CYP3A4: The Key Metabolic Pathway

Lemborexant is metabolized primarily through cytochrome P450 3A4 (CYP3A4) [2]. This means any substance that strongly inhibits or induces CYP3A4 can raise or lower lemborexant blood levels. The FDA label contraindicates concurrent use with strong CYP3A4 inhibitors and recommends dose adjustment with moderate inhibitors.

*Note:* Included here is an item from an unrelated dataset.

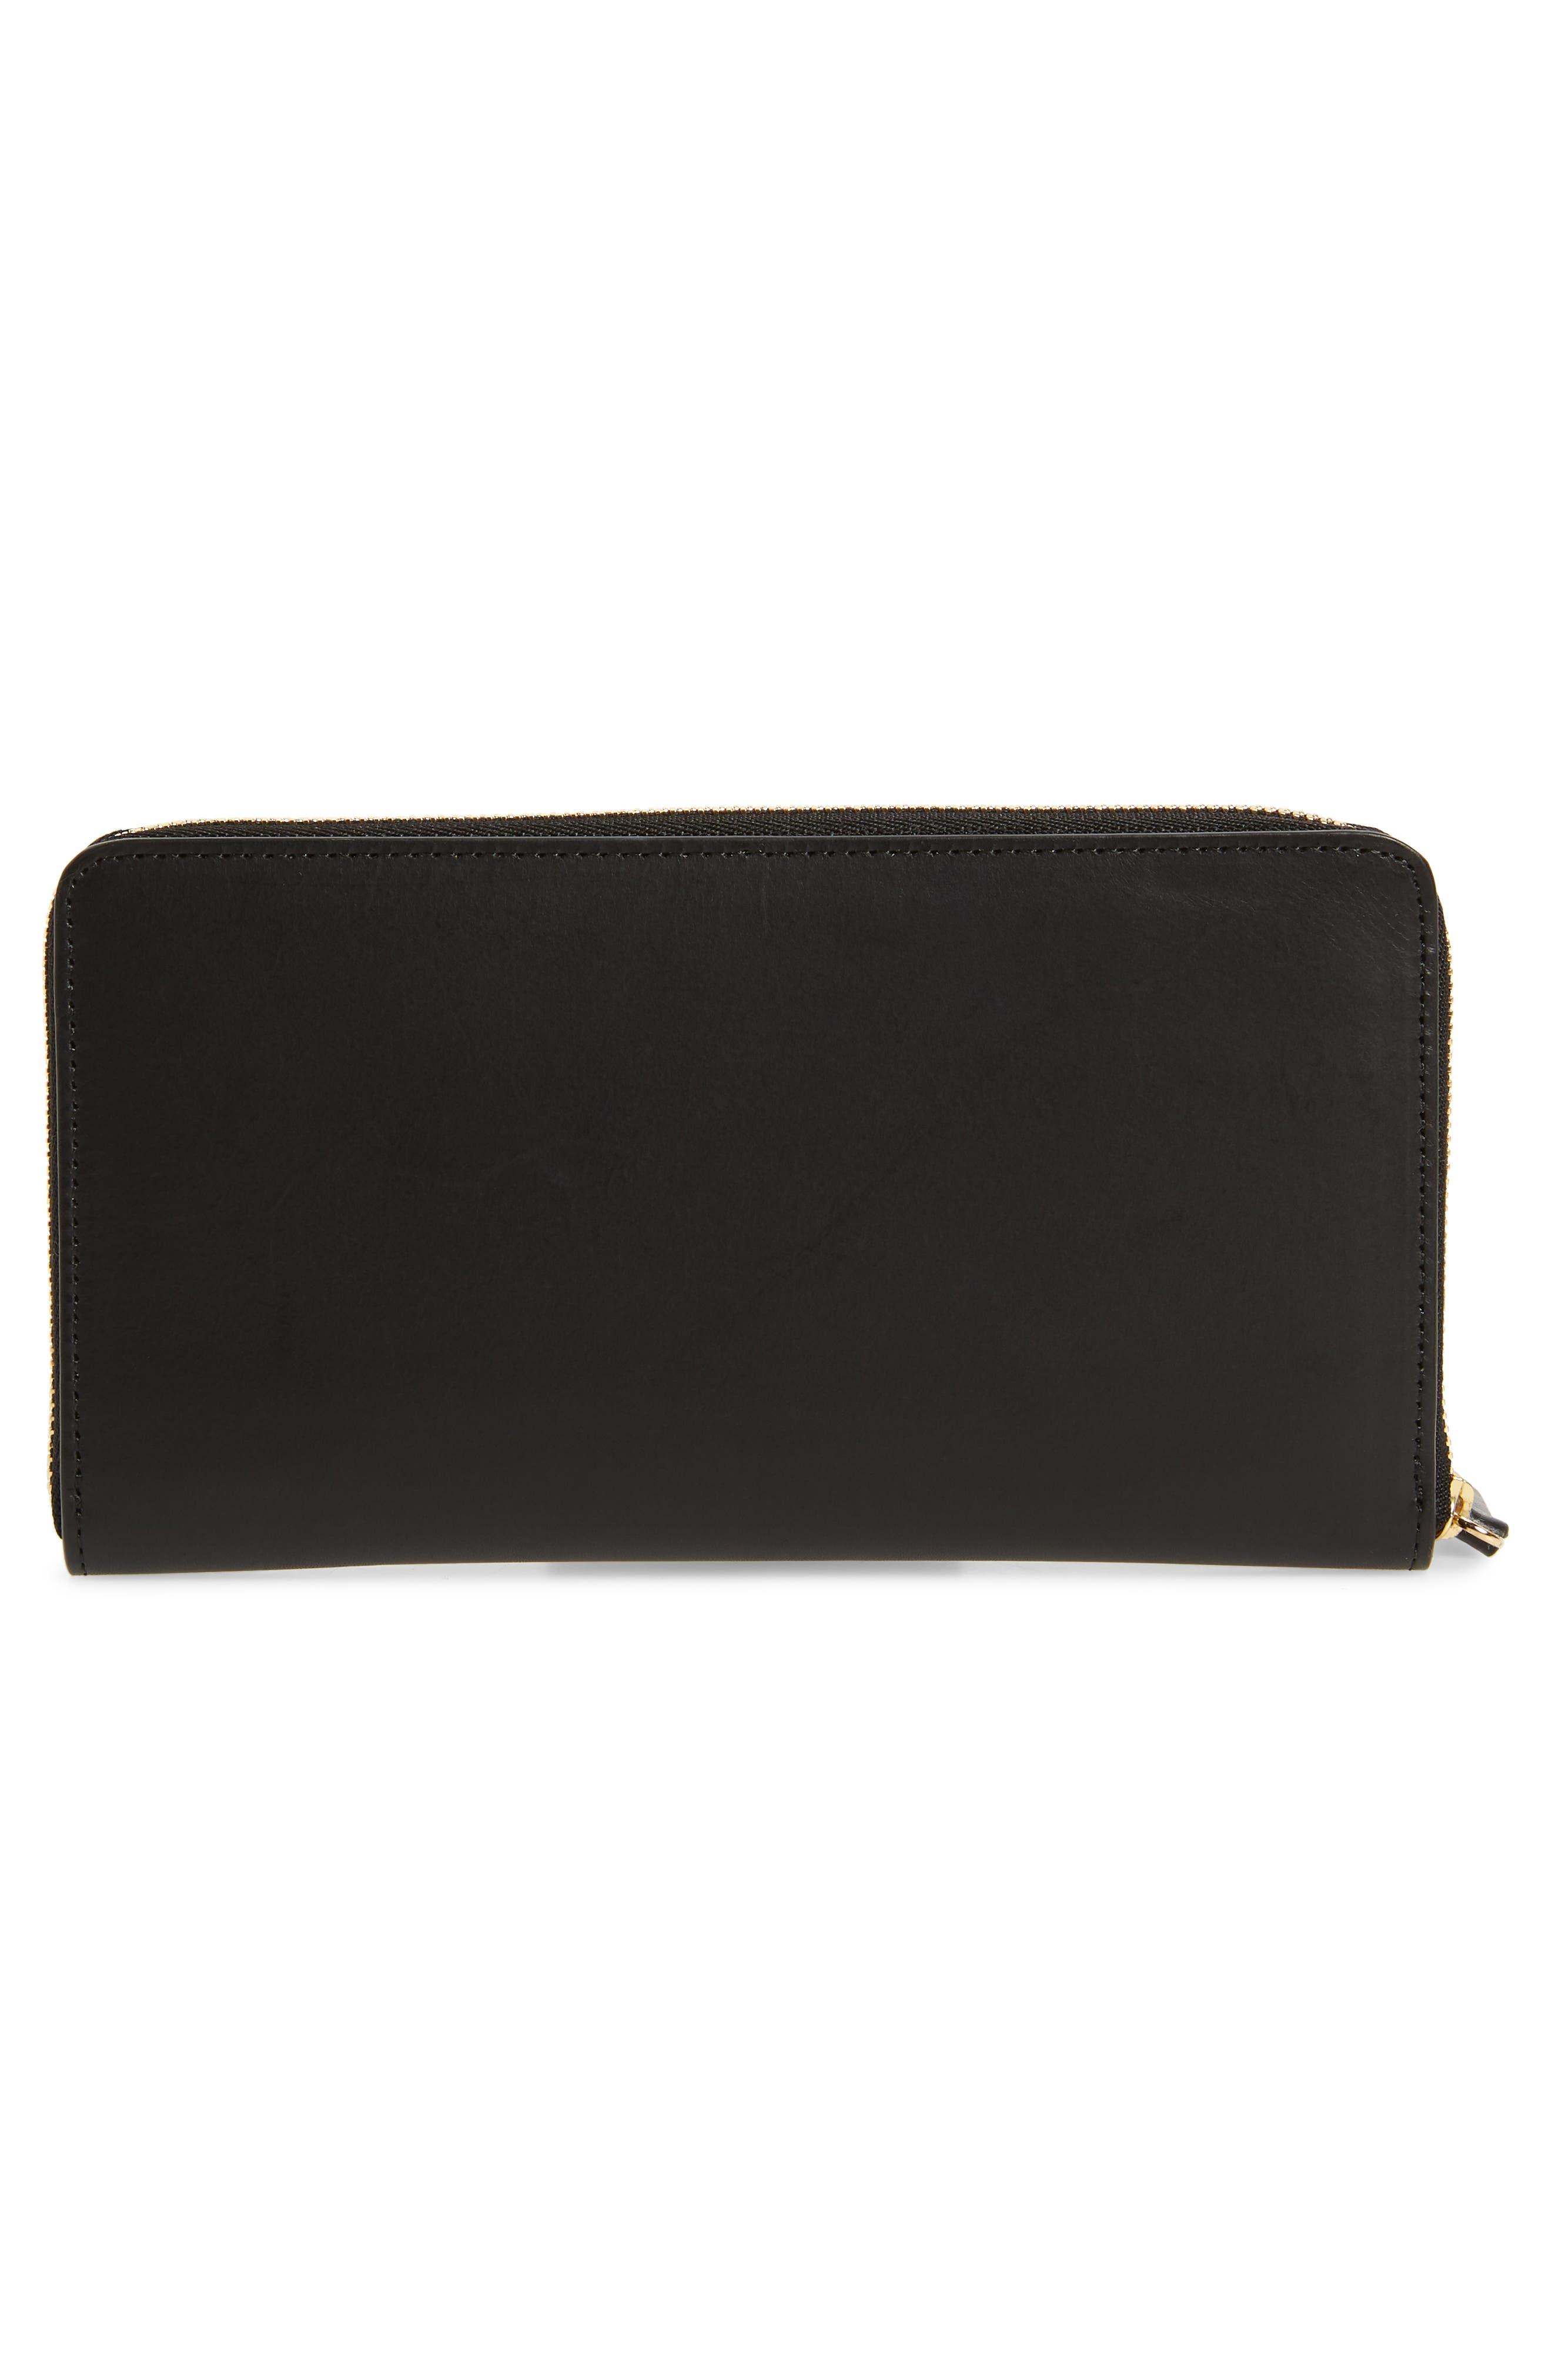 Continental Zip Leather Wallet,                             Alternate thumbnail 3, color,                             BLACK/ FLAMMA
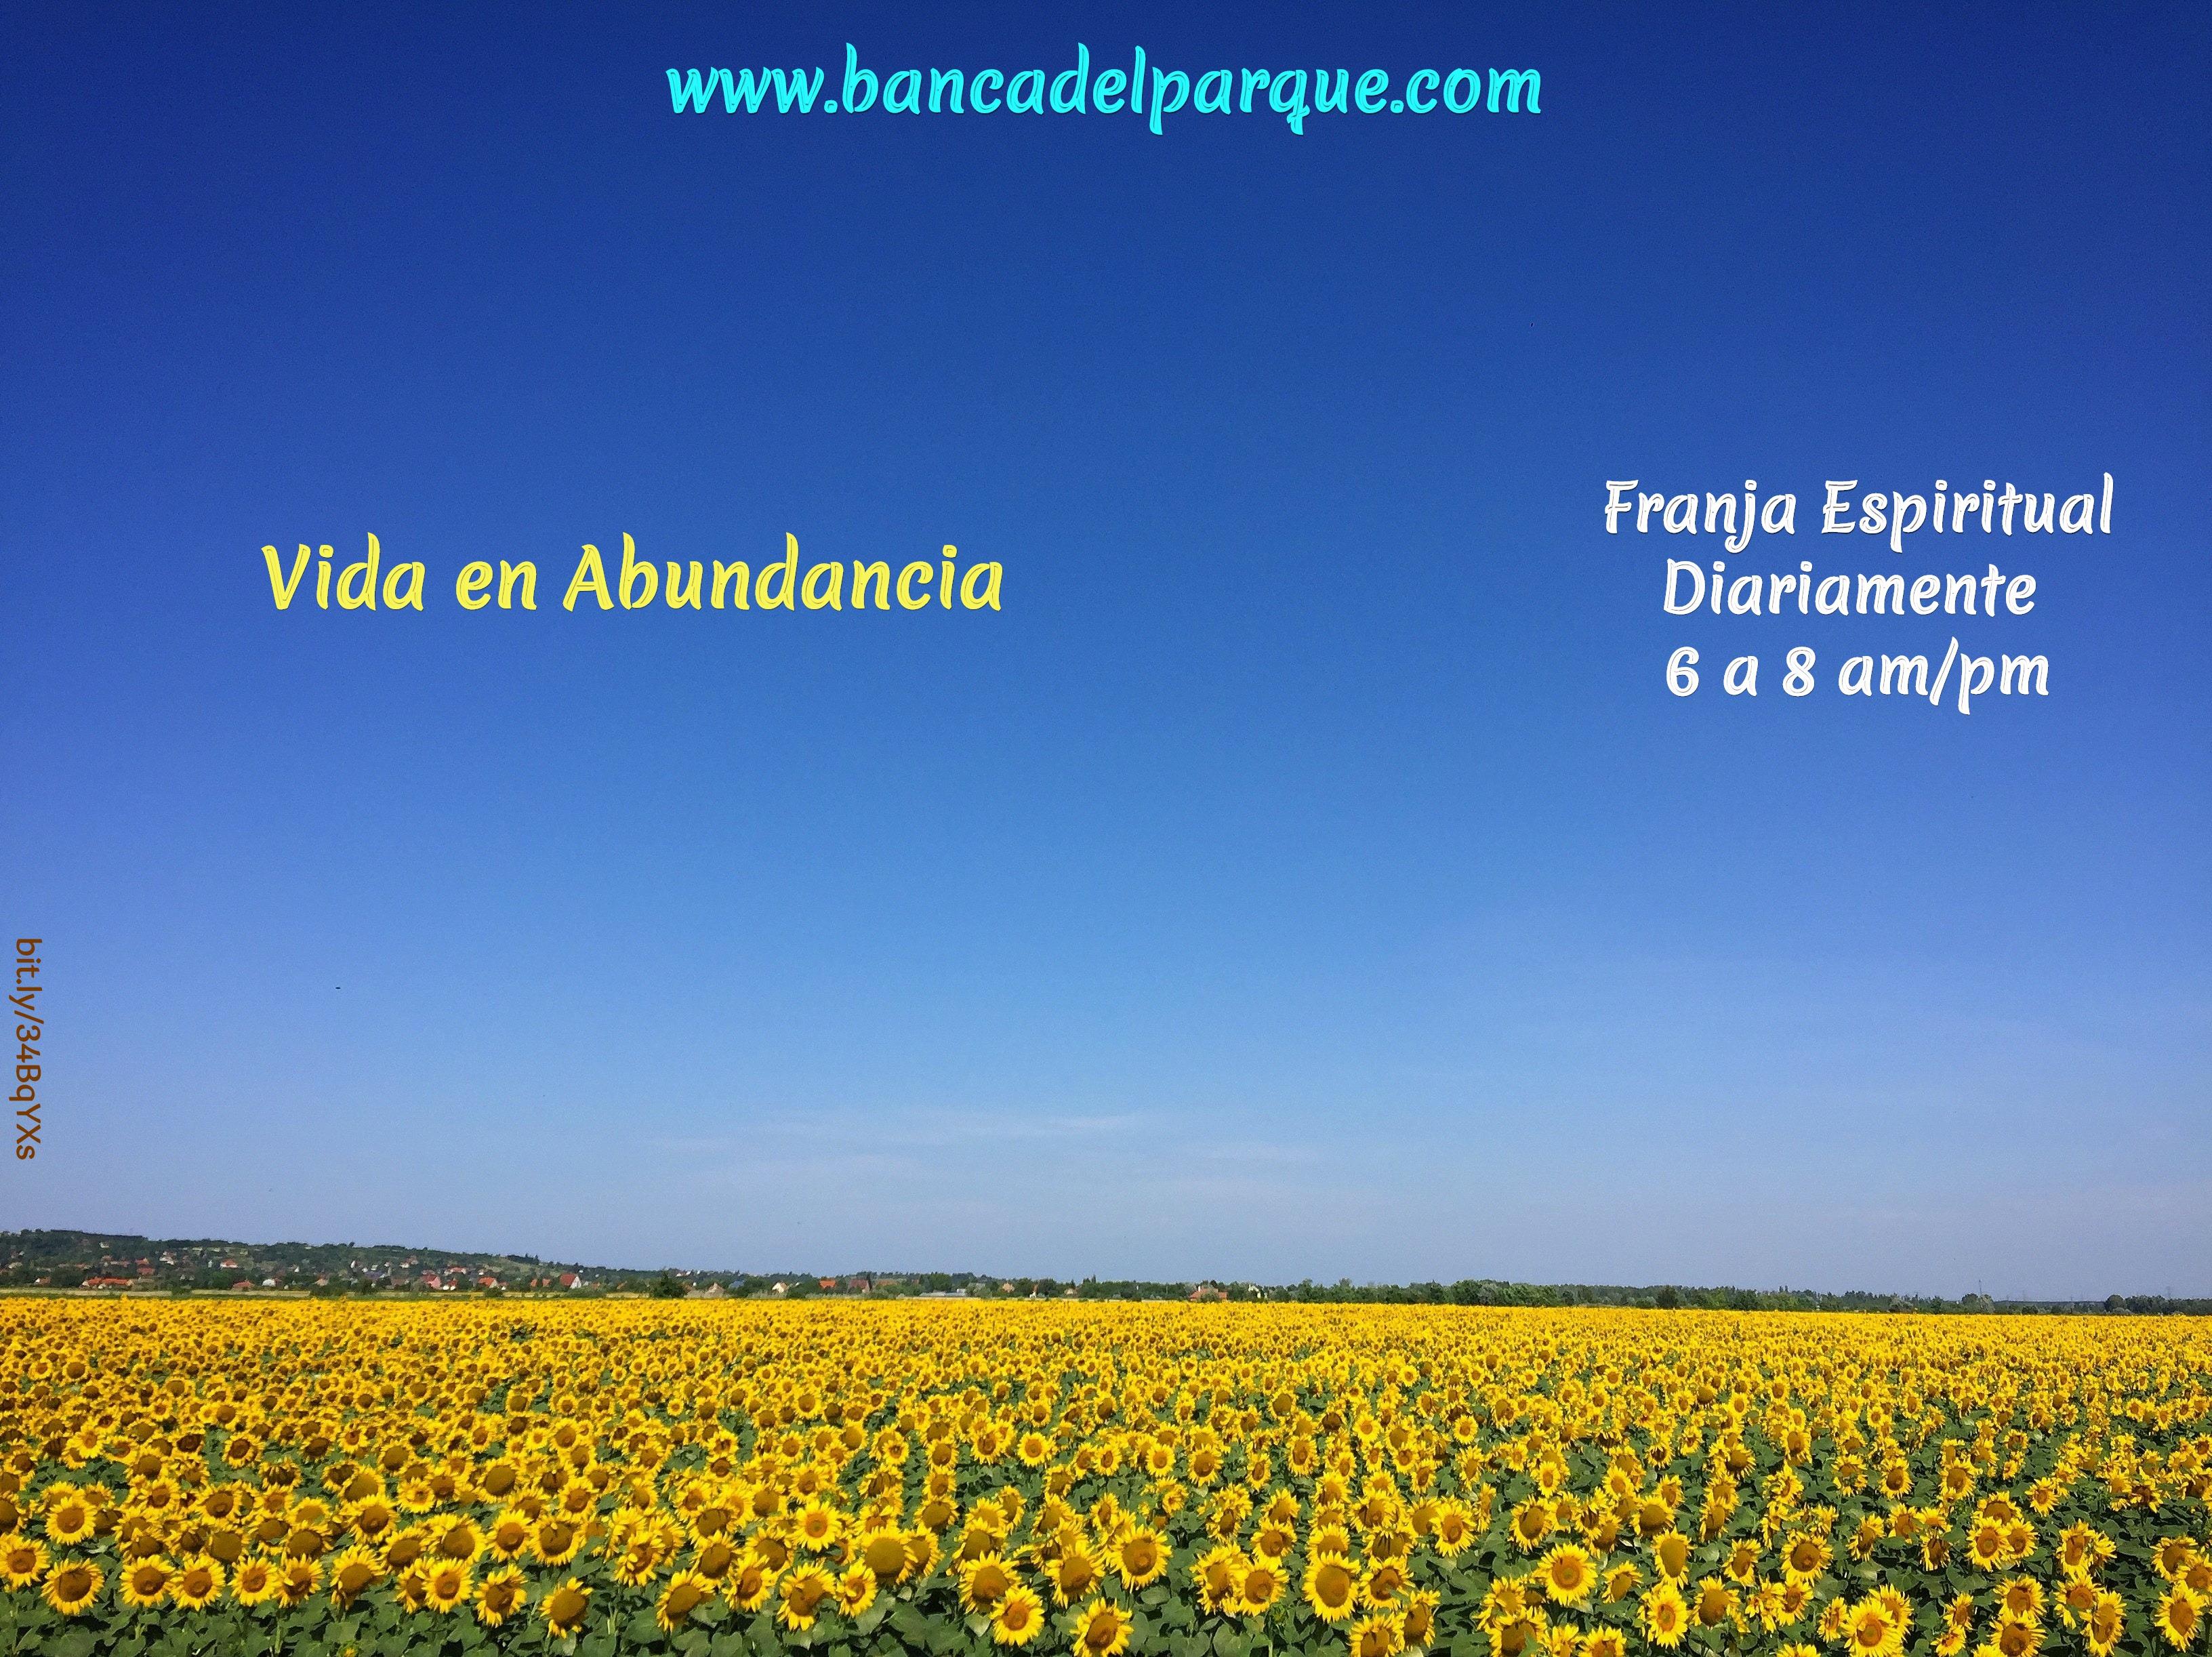 28.10.2020 - Vida en Abundancia

Weak inhibitors, by contrast, are not expected to produce clinically meaningful changes in lemborexant exposure.

Clinical Efficacy Data

In the SUNRISE-2 trial (N=949), lemborexant 5 mg and 10 mg both improved subjective sleep-onset latency and wake-after-sleep-onset compared to placebo over 12 months of treatment [3]. The drug's half-life is approximately 17 to 19 hours, which contributes to sustained sleep maintenance but also means that drug-drug interaction effects can persist well into the following day.

What Saw Palmetto Does Pharmacologically

Saw palmetto (Serenoa repens) is a liposterolic extract used primarily by men with BPH symptoms such as urinary frequency and nocturia. Its proposed mechanisms include inhibition of 5-alpha-reductase (5-AR), anti-inflammatory activity through cyclooxygenase-2 (COX-2) suppression, and weak antiandrogenic effects [4].

5-Alpha-Reductase Inhibition

The 5-AR inhibition profile of saw palmetto overlaps pharmacologically with finasteride, though the magnitude is far weaker. A Cochrane review of 32 trials (N=5,666) concluded that Serenoa repens did not significantly reduce prostate size or improve urinary flow rates compared to placebo [5]. The clinical relevance of its 5-AR activity remains debated.

Anticoagulant Properties

Saw palmetto has demonstrated mild antiplatelet activity in laboratory models. Case reports have linked it to intraoperative bleeding and prolonged bleeding time, though large observational studies have not confirmed a statistically significant increase in major hemorrhagic events [6]. The American Society of Anesthesiologists recommends discontinuing saw palmetto at least two weeks before elective surgery as a precaution.

Hepatic Metabolism Profile

In vitro data suggest saw palmetto weakly inhibits CYP2D6 and CYP2C9 but has minimal effects on CYP3A4 at doses of 160 mg twice daily or 320 mg once daily (the standard dosing range) [7]. This distinction matters because lemborexant's primary metabolic pathway is CYP3A4, not CYP2D6 or CYP2C9.

Evaluating the Interaction Risk

The interaction between saw palmetto and lemborexant falls into the low-risk category based on three lines of evidence: metabolic pathway overlap is minimal, no published case reports describe adverse outcomes from the combination, and saw palmetto's CYP inhibition potency is weak.

Pharmacokinetic Assessment

A pharmacokinetic interaction would require saw palmetto to meaningfully inhibit CYP3A4, thereby raising lemborexant plasma concentrations. The FDA label for Dayvigo specifies that strong CYP3A4 inhibitors (such as itraconazole) increase lemborexant AUC by approximately 4-fold, while moderate inhibitors (such as fluconazole) increase it roughly 2-fold [2]. Saw palmetto does not approach either threshold. A 2017 pharmacokinetic study in healthy volunteers found that 14 days of saw palmetto 320 mg daily did not significantly alter the clearance of midazolam, a sensitive CYP3A4 probe substrate [8]. This is the most directly relevant evidence: if saw palmetto does not inhibit midazolam metabolism, it is unlikely to alter lemborexant metabolism.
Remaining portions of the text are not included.